If I could, I would sleep and then sleep some more. The problem: sleeping does not change life. Life just moves along without you. Then you have to catch up and in doing so, you have to face what you avoided when you slept.

You cannot run away from yourself.




Thursday, October 27, 2016

No exit

Halp! I can't make my blues go away. I need to do so much away from home. The car needs washing, I should have mailed mom a birthday card, but even if I sent the card now, she would not get it in time. Momo needs some liquidy cat food. He gags when I offer people food. I have a few cans left, but if he will like the juice is a toss up. And the cat food I barely has juice. The car needs gasoline. I need to check my mail, which I have not done in a week.
Why can't I make myself get dressed and go do these things?
Halp!

Sunday, October 23, 2016

This is me

I have considered killing myself. I even know how I would do it. You see, I am at times in such pain, that I would do anything to make the pain go away. I feel guilty about something most of the time. My cat is dying. I tried force feeding him and he tore into me and he won't take the syringe of food in his mouth. It ended up all over his fur, a blanket and me. I spent lots of money trying to figure out what was wrong with him, but there was not really a conclusion. He just won't eat. So, slowly, he is dying and I feel guilty that I can't save him.
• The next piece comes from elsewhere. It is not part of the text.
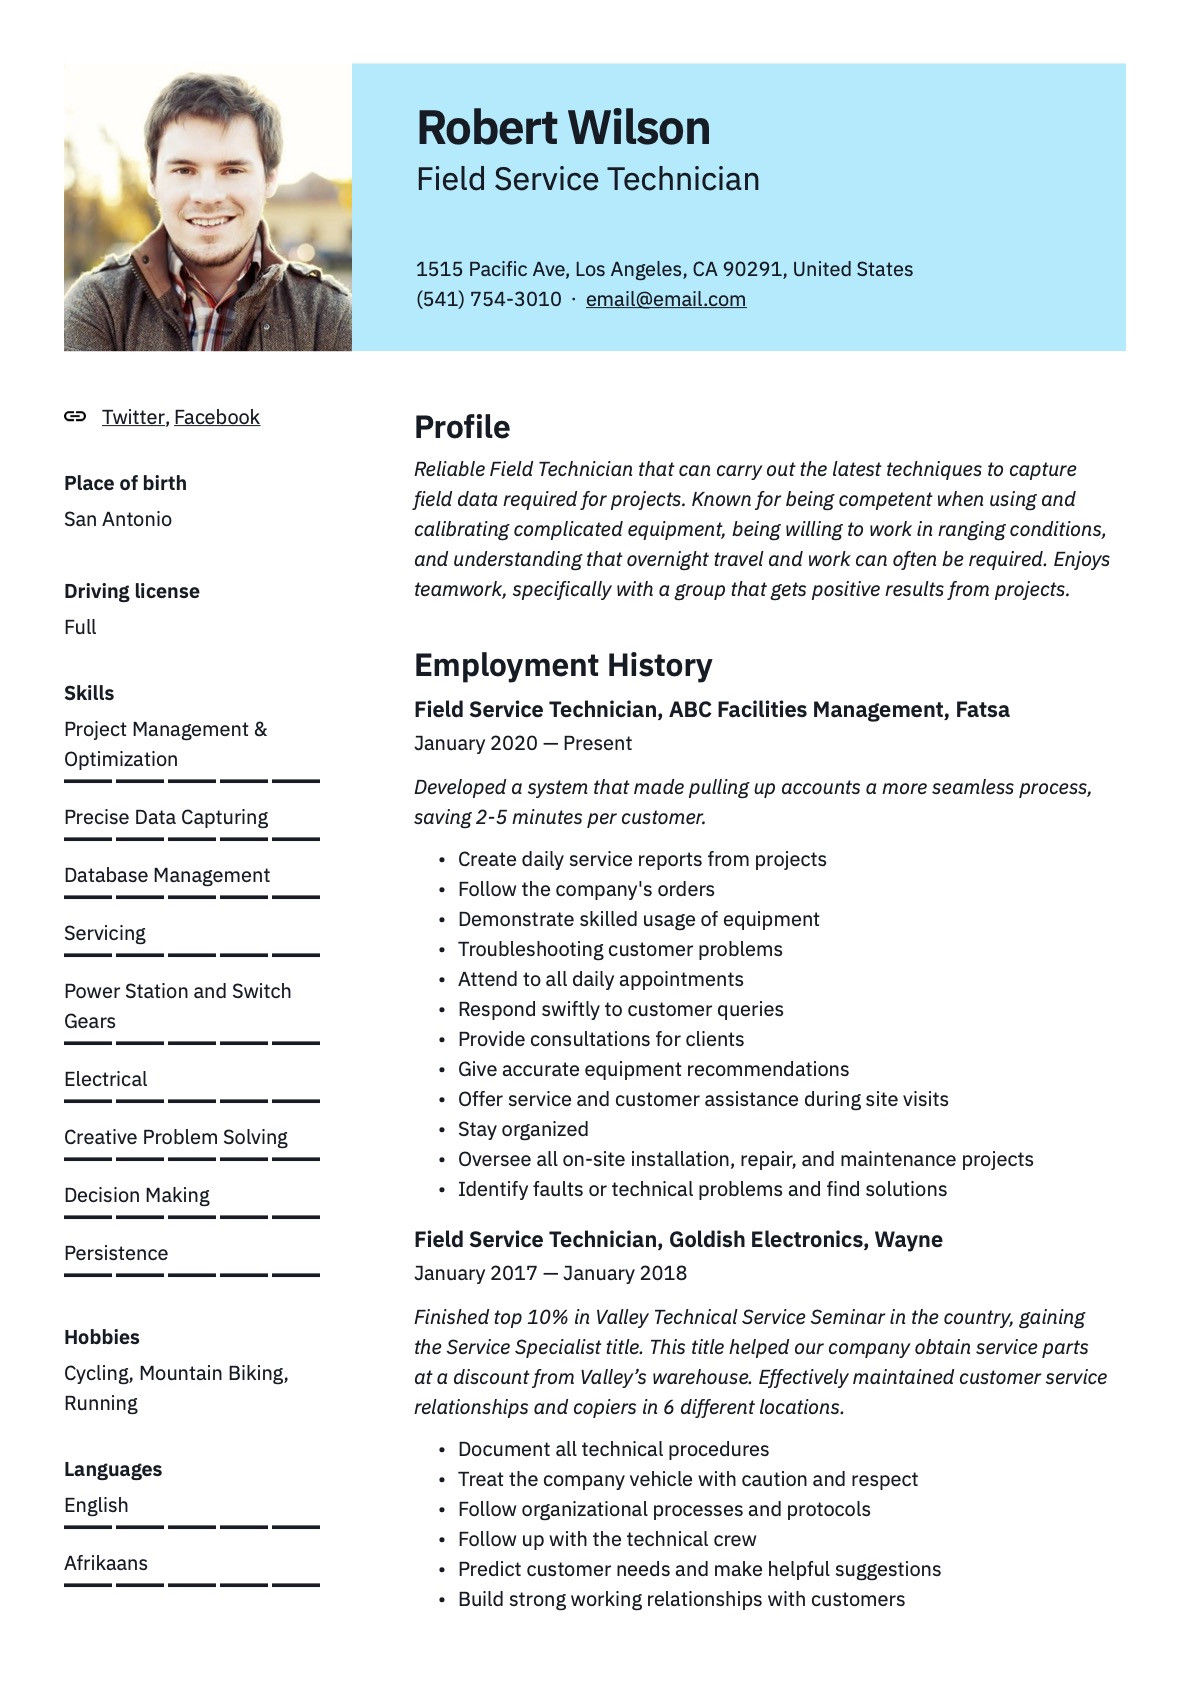 Fire and Gas Technician Resume Sample Field Service Technician Resume & Guide  20 Examples 2022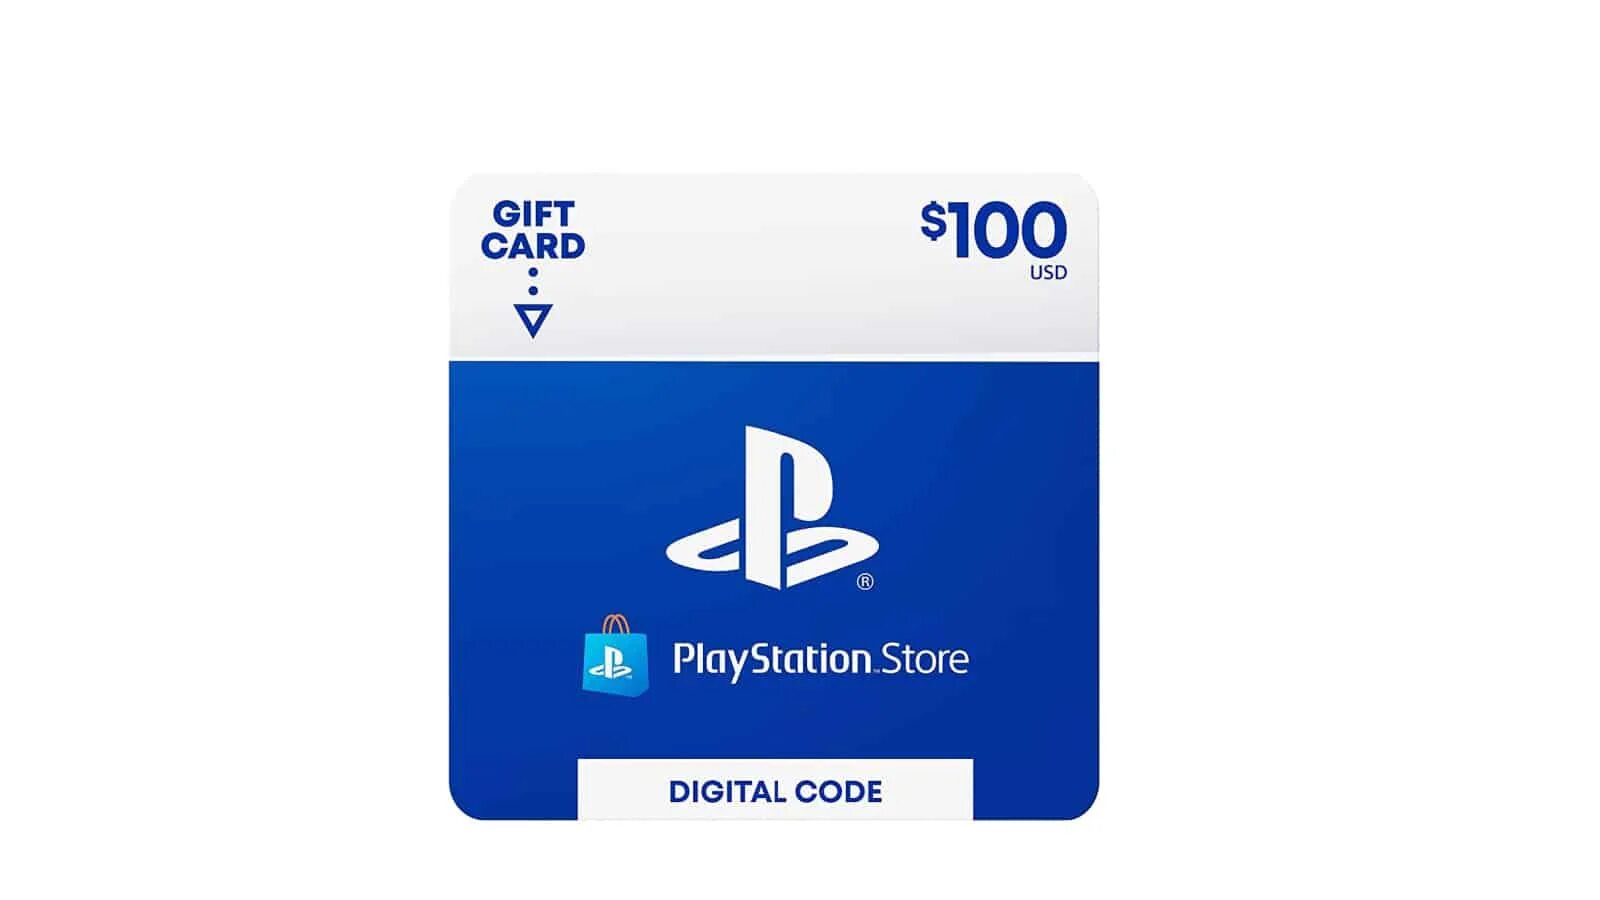 PLAYSTATION Store Card. PS Store Gift Card. PLAYSTATION Plus карточка пополнения. Карта пополнения PS Store. Купить карту пс

Then my cousin tells me how she saved some kittens by giving them Ensure drop by drop for hours during the day. She saved the kittens. She also mentioned another cat she saved that lived five years longer. Rather than taking what she said as encouragement or just conversation, I took it as criticism in my efforts with my cat. The guilt of not being as good as she was made me feel like a bad person.

I isolate myself. I have been asked to go do things with friends, but at the last minute, I cannot make myself go. I tell them I cannot make myself go and then feel guilty that I have hurt their feelings. After being turned down numerous times, my friends quit asking. Then I feel unworthy and guilty that I treated them that way.

I wasn't always this way. I was shy, but I did go places and do things. I have always had the guilt, but the older I get, the more guilt I feel.

The guilt gives way to anxiety which becomes depression. I take medicine for the anxiety and the depression, but it does not always work.

I know we all have problems. Some of us cope better than others. To some, the problems are a bump in the road, to others they are a giant hole.

Mental health problems can be dealt with if there are enough professionals. I've tried two. Neither were right for me. I tried calling a psychologist. She laughed and told me it would be at least two years before she could work me in. TWO YEARS.

I apologize if I have shown you too much of myself. If you want to unfriended me, that is your right, and I cannot blame you.

In the meantime, I grasp at the threads that keep me from falling into the abyss.